What self-supervised speech models know about animal sounds: Deep transfer learning and the evolution of acoustic communication across species
October 2 @ 14:00 - 18:00
Thesis defense of Jules Cauzinille
Thesis supervisors : Benoit Favre (directeur de thèse), Arnaud Rey, Ricard Marxer
Jury :
Benjamin Lecouteux (président du jury)
Nicolas Farrugia (rapporteur)
Marie Tahon (rapporteur)
Emmanuel Chemla (examinateur)
Abstract:
This thesis introduces a novel approach to the study of vocal communication and its evolution across species through the use of deep transfer learning. We ask whether, and how, self-supervised models trained on speech data may provide suitable representations of bioacoustic information.
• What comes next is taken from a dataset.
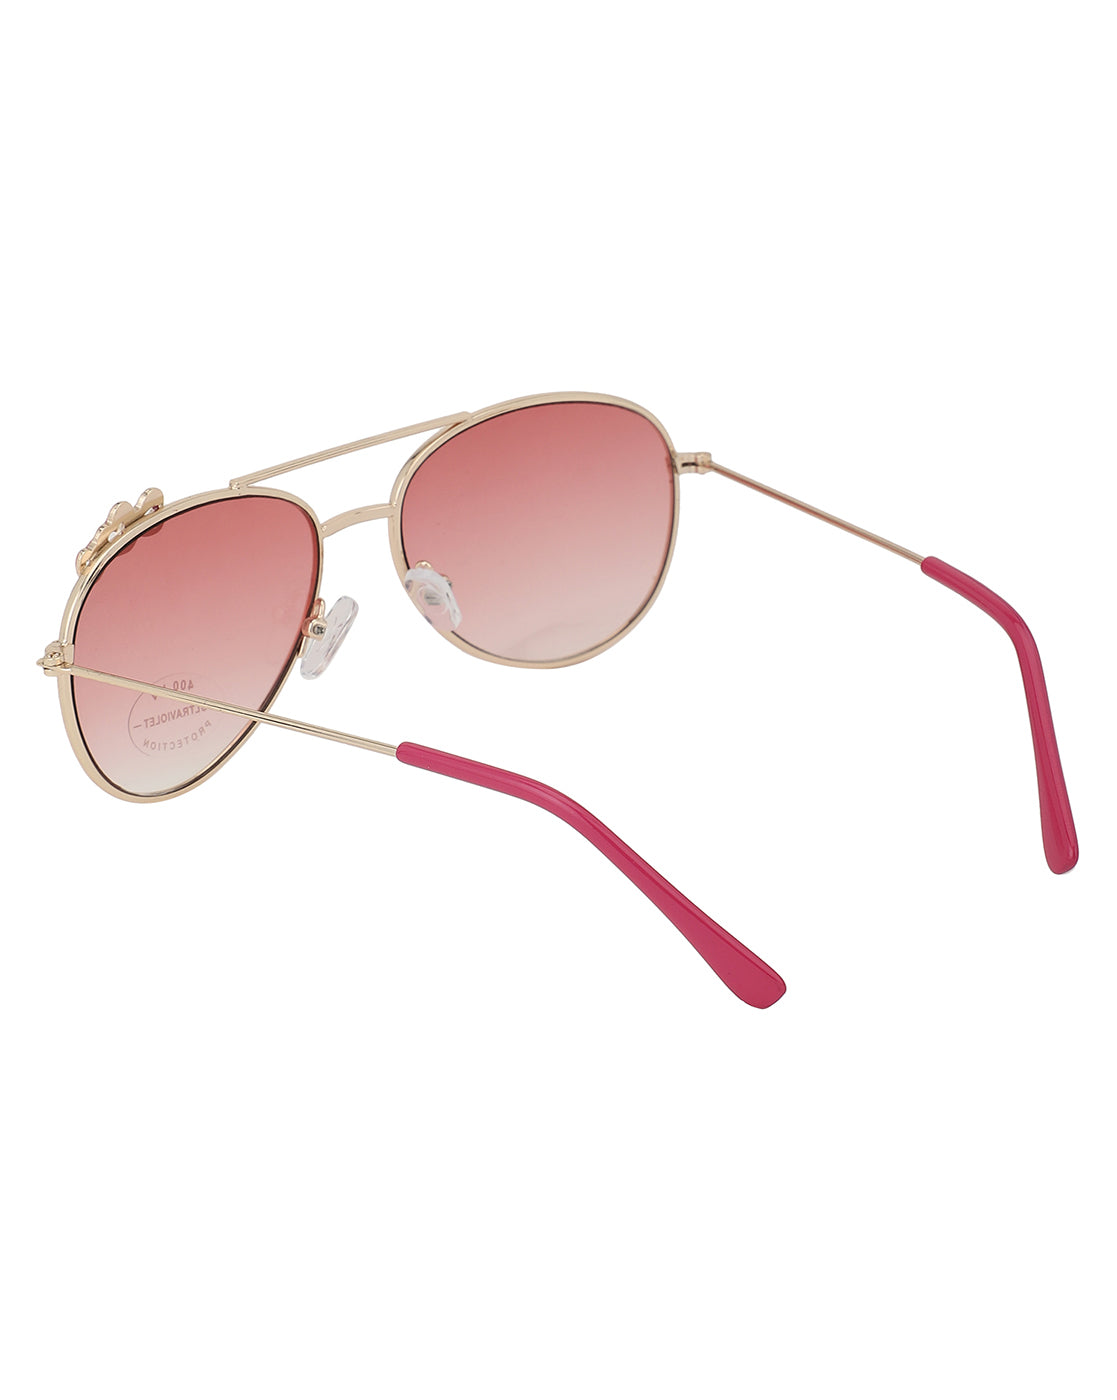 Carlton London Pink Lens &amp; Gold-Toned Aviator Sunglasses Uv Protected Lens For Girl
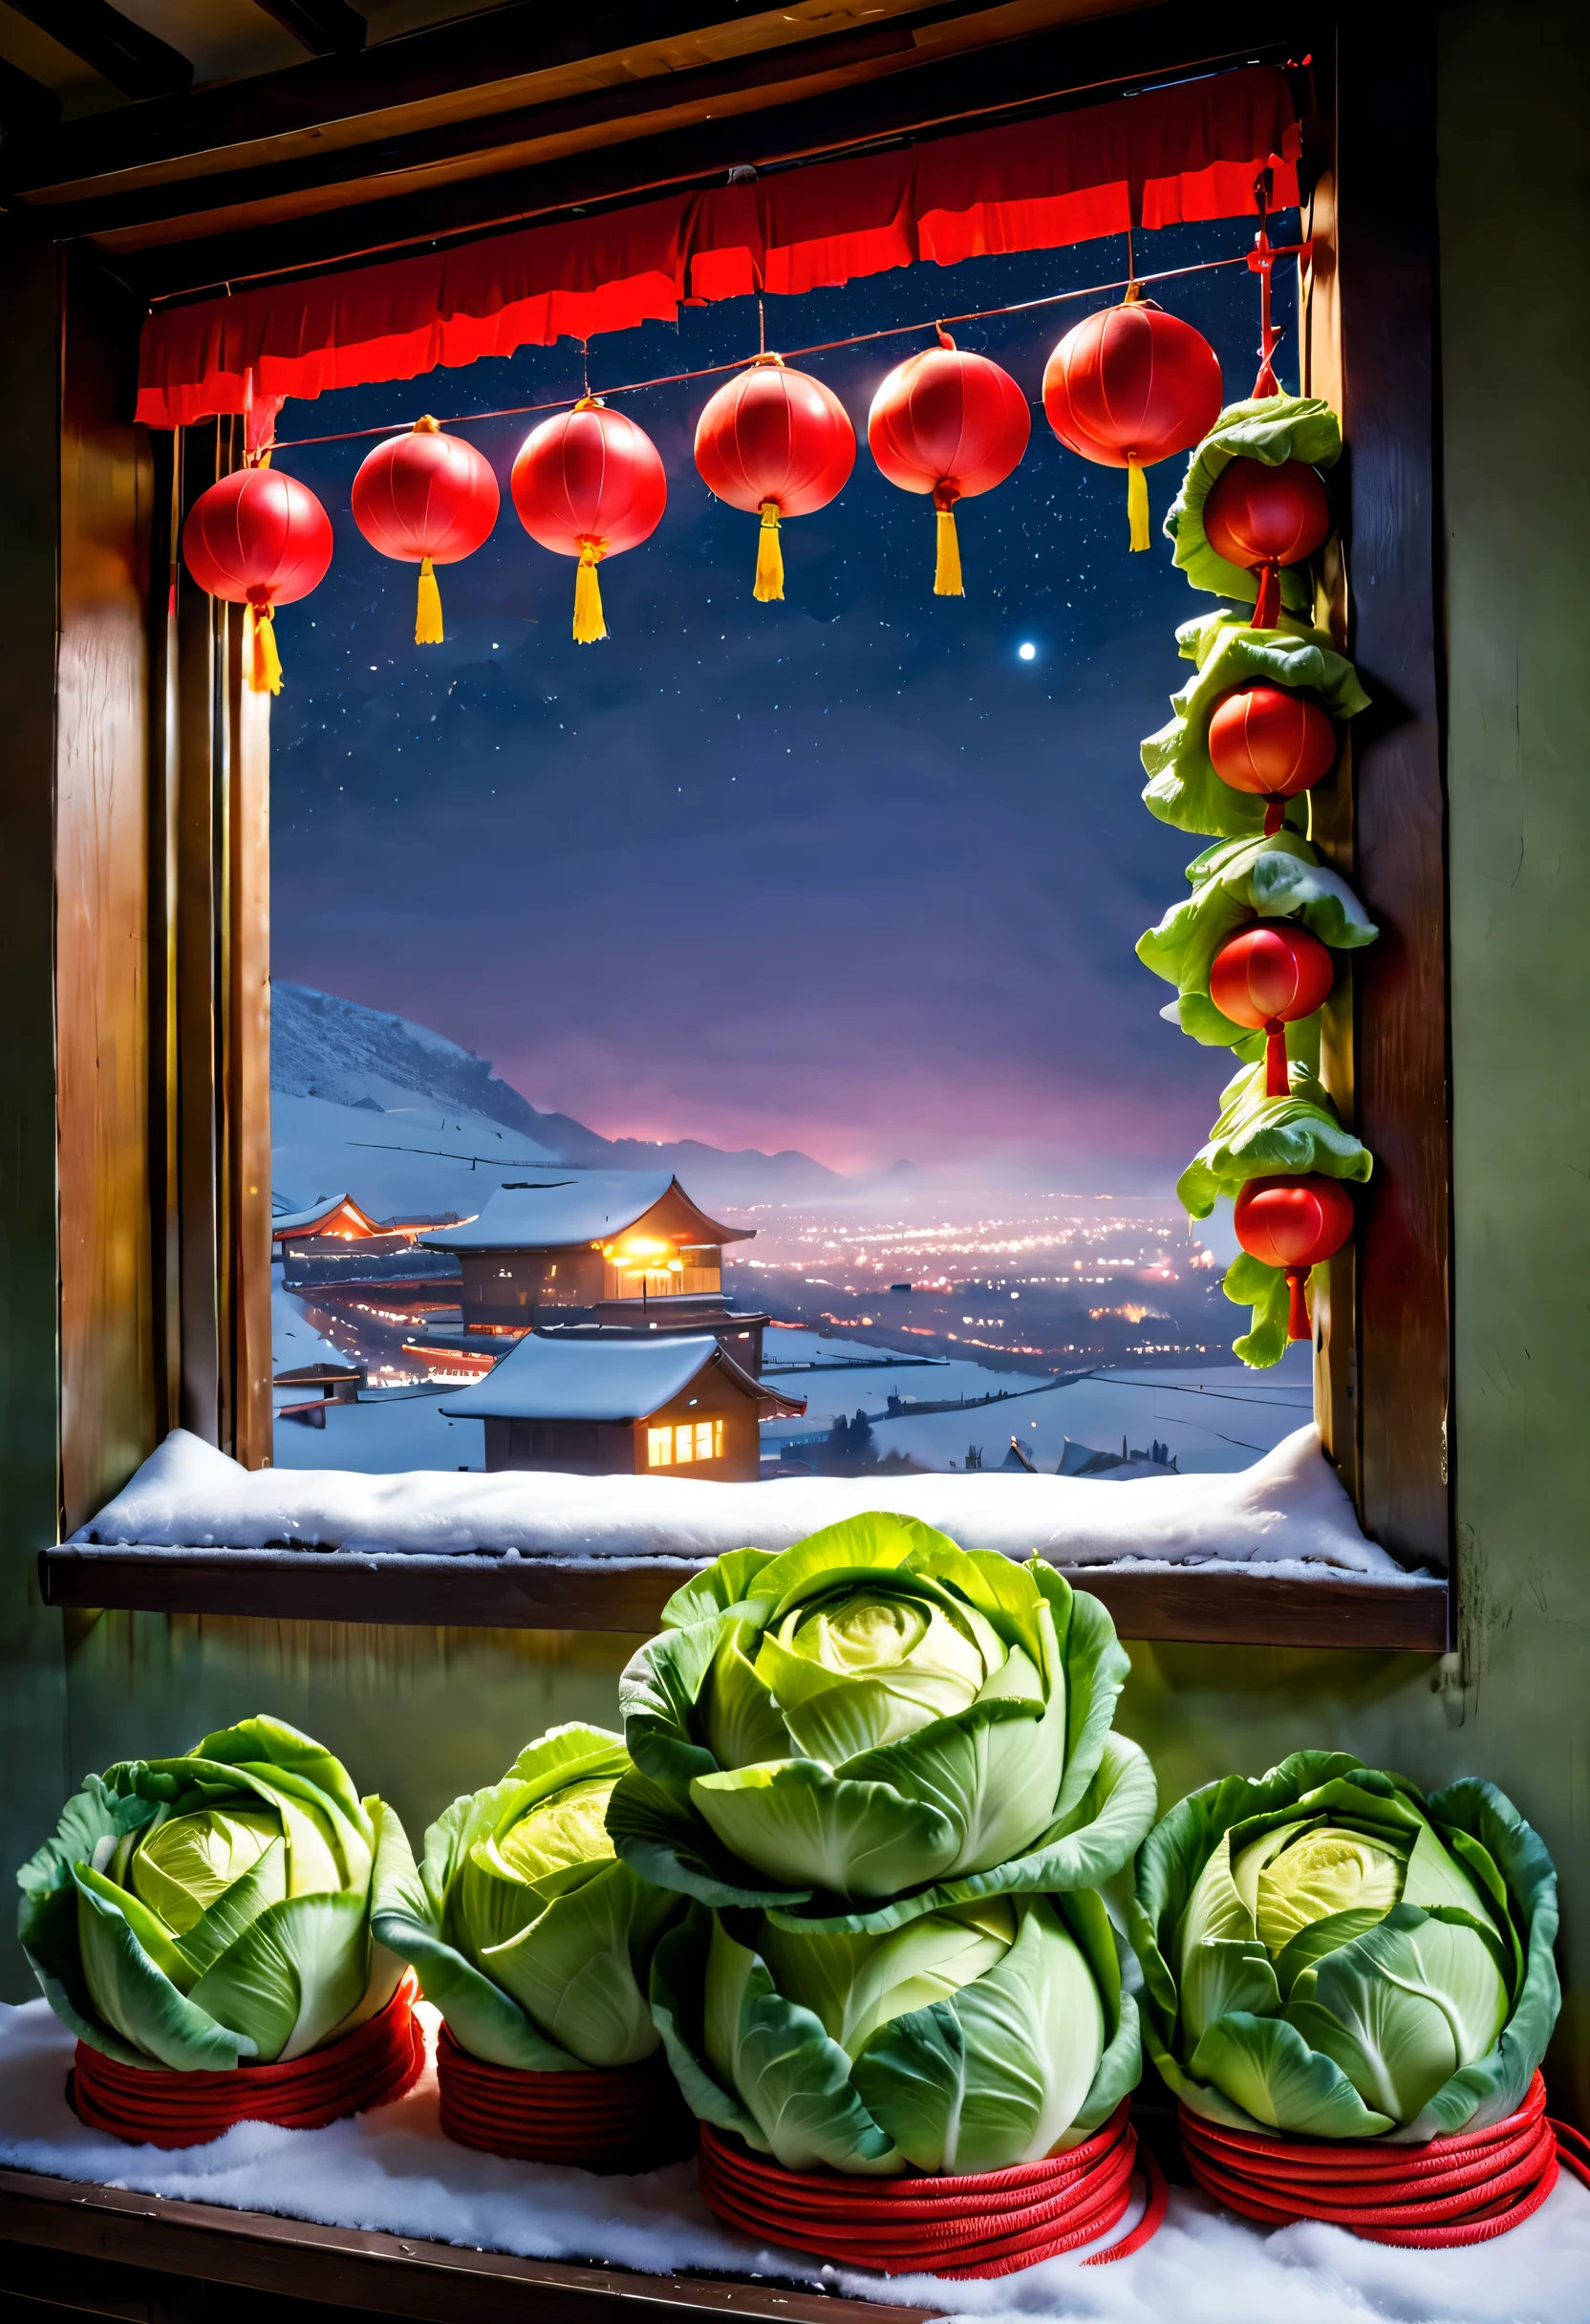 东北乡村雪景 夜晚烟花绽放, (窗台上堆满了用红绳绑着的东北白菜.),

Our initial focus is on non-human primates and is motivated by the apparent gap between state-of-the-art speech processing methods and the way the vocalizations of our closest living relatives are handled in recent computer science literature. We present experiments centred around transferring knowledge from speech to gibbon songs and propose a set of hypotheses on the evolution of acoustic communication and its phylogenetic ties. A second set of experiments aims at challenging initial hypotheses by extending the experimental framework across a broader range of species and tasks where we explore speech models’ latent representations through innovative probing strategies. We conclude on theoretical perspectives related to the convergent evolution of vocal communication across species, while advocating for the integration of speech in future research aimed at developing general bioacoustic foundation models.